La glicata e la pagella

Il microinfusore può ridurre alcune delle difficoltà che il bambino e il ragazzo con diabete trovano nell’ambiente scolastico e consentirgli di mantenere uno stile di vita simile a quello dei propri coetanei.

Quale aiuto possono chiedere i genitori al personale scolastico?
La risposta non è ancora chiara. «In teoria le Asl dovrebbero assicurare la presenza ogni giorno a scuola, in orari predefiniti, di un infermiere appositamente formato in grado di misurare la glicemia e su questa base effettuare l’iniezione di insulina. Di fatto questo avviene in pochissime realtà. Occorre una assunzione di responsabilità da parte della scuola» continua Patrizia Patera.
Molti bambini e ragazzi hanno trovato insegnanti o personale ausiliario disponibili ad aiutarli, «ma non esiste una obbligatorietà, se il personale scolastico non se la sente di farsi carico del problema, per esempio perché teme di assumersi una responsabilità o di non essere adeguatamente tutelato, può benissimo declinarlo», ricorda Patrizia Patera che nell’ambito della Società Italiana di Endocrinologia e Diabetologia Pediatrica ha seguito con attenzione questo aspetto. In alcune regioni, Toscana, Umbria, Campania e Lombardia, così come in alcune province sono stati siglati accordi più stringenti, «ma nella gran parte del Paese il genitore che iscrive il figlio a scuola deve ‘sperare’ di trovare qualche operatore scolastico che si faccia carico di misurare la glicemia, di fare una iniezione, di intervenire in caso di ipoglicemia. Non può pretendere che questo avvenga». Là dove le Asl e la scuola non assicurano questa assistenza, «il microinfusore riduce in parte il problema. Pensiamo a un possibile ostacolo, banale se vogliamo, ma importante: al bambino con microinfusore l’insegnante non deve fare l’iniezione, ma solo premere un tasto per impartire il bolo», nota la pediatra dell’Ospedale pediatrico Bambino Gesù.

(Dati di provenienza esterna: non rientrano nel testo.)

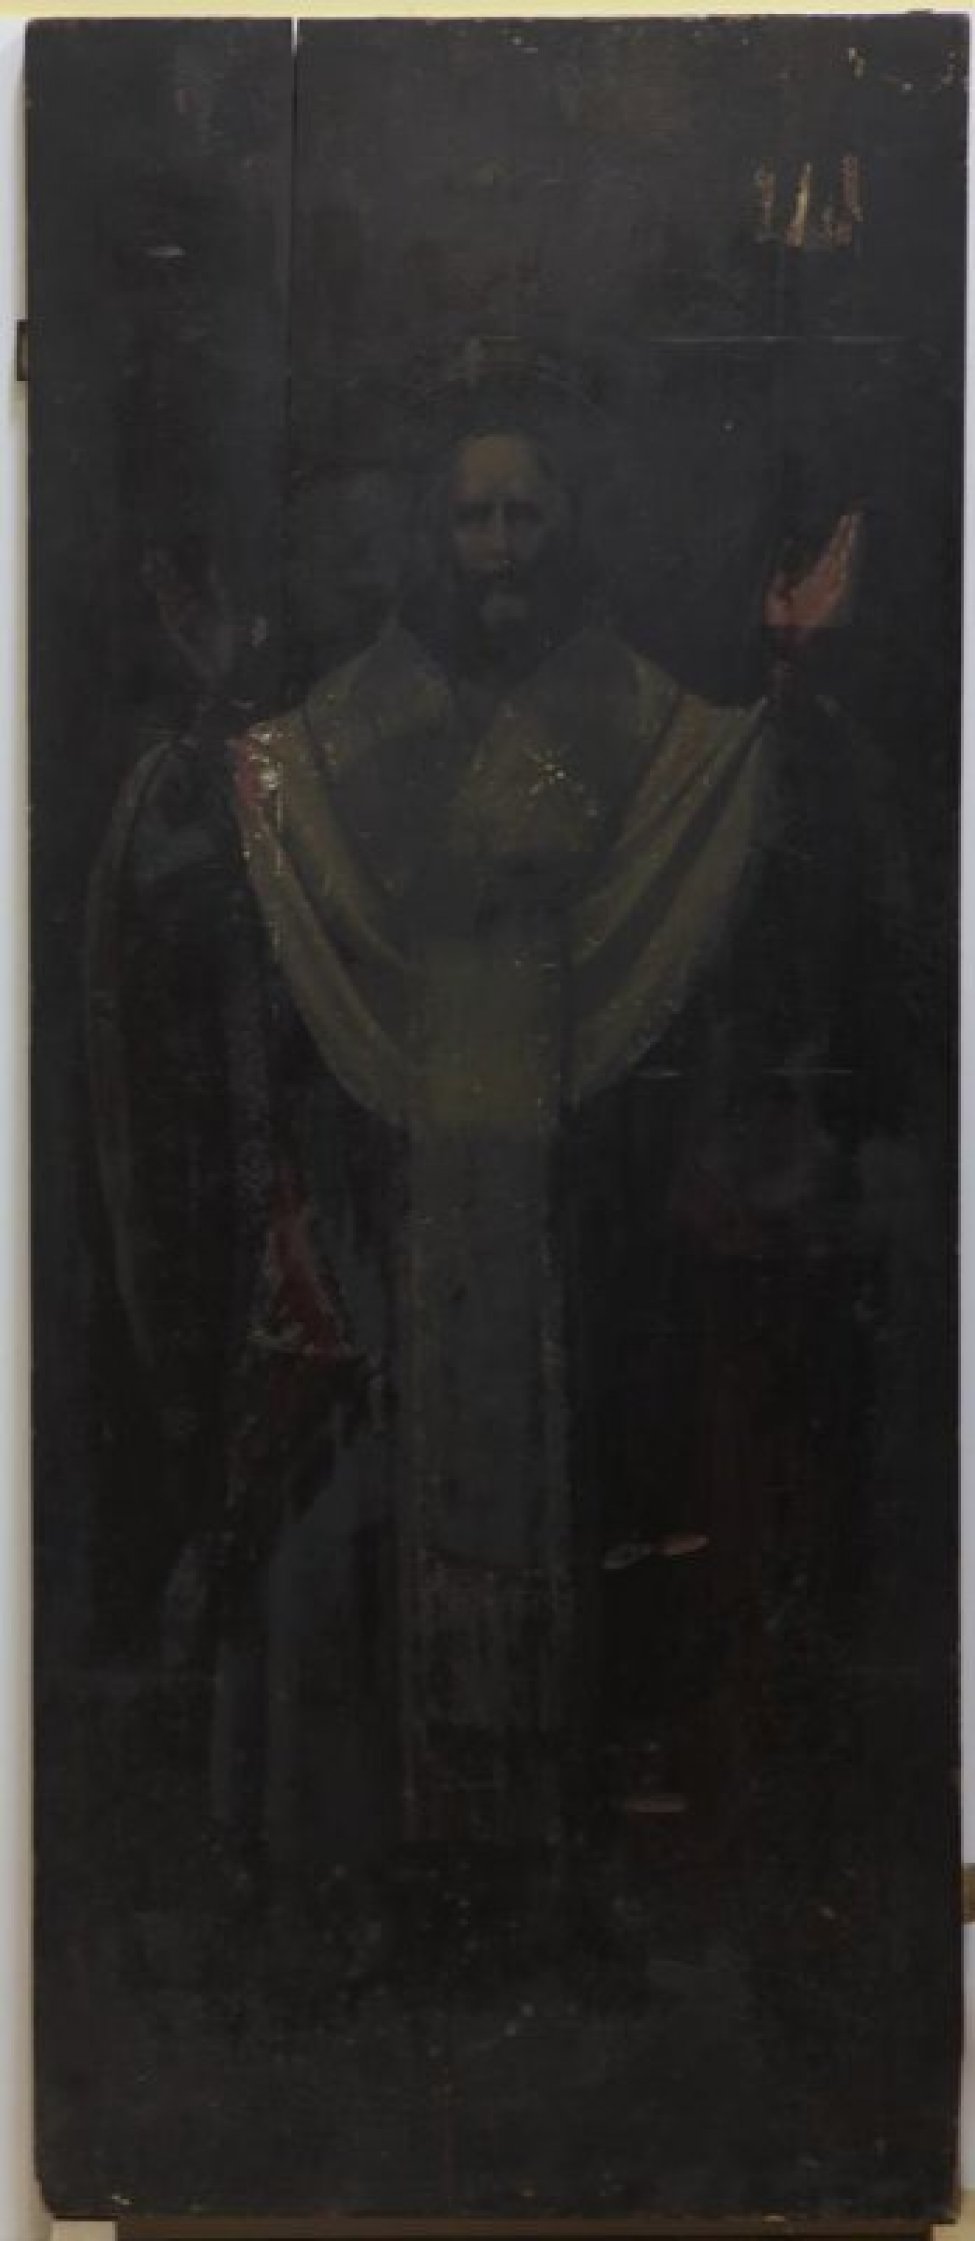 Доска: Икона без выемки, с двумя врезными шпонками.
Изображен святой в епископском облачении, с руками, поднятыми вверх, в рост, лицо и фигура обращены прямо к зрителю.

Talvolta, proprio per ridurre il coinvolgimento del personale scolastico, si evita la somministrazione del bolo impostando uno schema basale, che prevede automaticamente una maggiore infusione di insulina in corrispondenza della merenda o del pranzo.

Conoscere per decidere in anticipo
Tanto più che oggi è possibile conoscere in anticipo il ‘menù’ che verrà servito in mensa e decidere la copertura basale di conseguenza. «Anche in questo caso è però fondamentale una ‘alleanza’ con l’insegnante, che dovrà controllare che siano rispettati gli orari dei pasti e che il bambino finisca di mangiare tutto il pasto previsto. Ovviamente in molte realtà questa soluzione è ‘il migliore dei mondi possibili’, ma la formazione del personale scolastico e la sua serena e consapevole partecipazione, permetterebbe di utilizzare tutte le straordinarie potenzialità del microinfusore insomma, come dico spesso ai miei pazienti, permetterebbe di guidare una Ferrari come una Ferrari e non come una 500».
Giuseppe Citro, che presiede l’Associazione Medici Diabetologi della Basilicata ritiene che la soluzione del problema risieda nell’informazione.
«Alla base c'è un problema di conoscenze. Il personale scolastico condivide gli stessi pregiudizi e la stessa mancanza di informazione della popolazione generale. In Basilicata, in accordo con gli uffici scolastici provinciali della Regione e con le Asl, abbiamo organizzato dei corsi di formazione. Questo è importante a prescindere dall’aiuto che l'insegnante può o deve dare nell’esecuzione della terapia», continua Citro, «l’insegnante è una figura di riferimento per il bambino soprattutto alle elementari e alle medie. A noi è chiaro che una persona può essere un ottimo docente di italiano o matematica e non capire nulla di diabete. Per lo studente non è così e se la maestra o la prof gli lanciassero messaggi diversi da quelli che riceve a casa o al Centro, le conseguenze sarebbero non di poco conto».
Oggi i ragazzi e perfino i bambini con diabete, forse sopratutto quelli che usano il microinfusore, sono infatti sempre più protagonisti e quindi sempre più ‘esperti’ del loro diabete e non stupisce se – almeno su questo argomento – ne sanno più dei loro insegnanti.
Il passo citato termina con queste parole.